Historical Development Timeline

Discussion of the field's evolution from AlexNet in 2012 through transformers in 2017, including the role of ImageNet, GPU hardware improvements, and the transition from RNNs to attention mechanisms

The modern AI revolution was sparked by AlexNet’s 2012 victory, which proved that massive datasets like ImageNet paired with GPU-accelerated networks could decisively outperform traditional hand-crafted algorithms. This inflection point validated the "bitter lesson" that raw computational scale often triumphs over intricate model design, eventually forcing a transition from sequential RNNs to parallelizable Transformers built specifically to leverage modern hardware efficiency. Although historical skepticism and anemic hardware delayed this evolution for decades, many contributors argue that the "Attention Is All You Need" era was a necessary response to the hierarchical nature of language and the demand for better scalability. Looking forward, current discourse suggests the next breakthrough may involve revisiting discarded memory-focused concepts from the field's past to enhance the limitations of current attention mechanisms.

View on HN · Topics

In my opinion current research should focus on revisiting older concepts to figure out if they can be applied to transformers.

Transformers are superior "database" encodings as the hype about LLMs points out, but there have been promising ML models that were focusing on memory parts for their niche use cases, which could be promising concepts if we could make them work with attention matrixes and/or use the frequency projection idea on their neuron weights.

The way RNNs evolved to LSTMs, GRUs, and eventually DNCs was pretty interesting to me. In my own implementations and use cases I wasn't able to reproduce Deepmind's claims in the DNC memory related parts. Back at the time the "seeking heads" idea of attention matrixes wasn't there yet, maybe there's a way to build better read/write/access/etc gates now.

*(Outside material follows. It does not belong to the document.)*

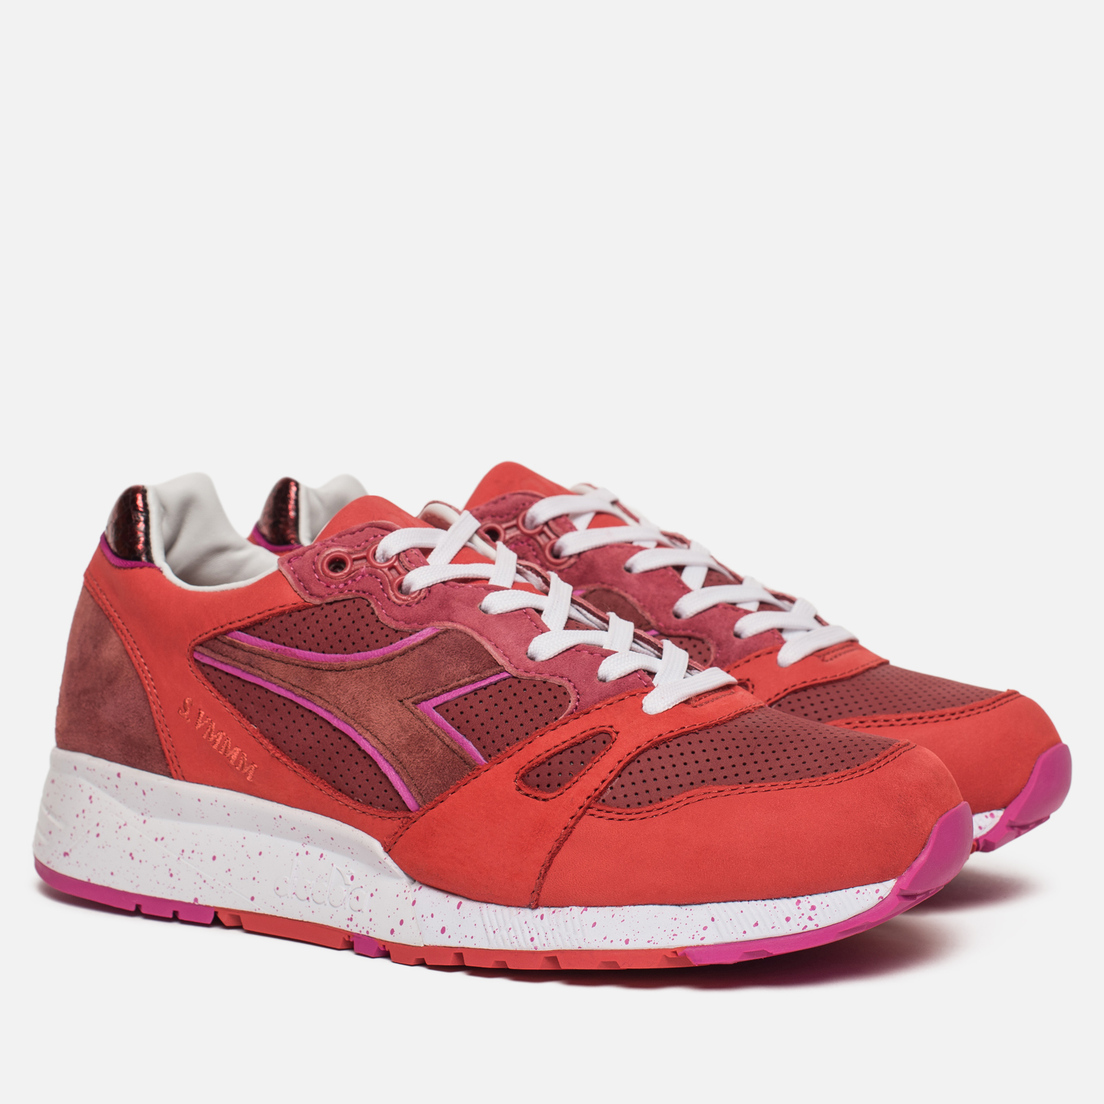 Diadora Мужские кроссовки x The Good Will Out S.8000 Nerone The Rise And Fall Pack

[1] a fairly good implementation I found: https://github.com/joergfranke/ADNC

View on HN · Topics

Here's where I'm missing understanding: for decades the idea of neural networks had existed with minimal attention. Then in 2017 Attention Is All You Need gets released and since then there is an exponential explosion in deep learning. I understand that deep learning is accelerated by GPUs but the concept of a transformer could have been used on much slower hardware much earlier.

View on HN · Topics

The inflection point was 2012, when AlexNet [0], a deep convolutional neural net, achieved a step-change improvement in the ImageNet classification competition.

After seeing AlexNet’s results, all of the major ML imaging labs switched to deep CNNs, and other approaches almost completely disappeared from SOTA imaging competitions. Over the next few years, deep neural networks took over in other ML domains as well.

The conventional wisdom is that it was the combination of (1) exponentially more compute than in earlier eras with (2) exponentially larger, high-quality datasets (e.g., the curated and hand-labeled ImageNet set) that finally allowed deep neural networks to shine.

The development of “attention” was particularly valuable in learning complex relationships among somewhat freely ordered sequential data like text, but I think most ML people now think of neural-network architectures as being, essentially, choices of tradeoffs that facilitate learning in one context or another when data and compute are in short supply, but not as being fundamental to learning. The “bitter lesson” [1] is that more compute and more data eventually beats better models that don’t scale.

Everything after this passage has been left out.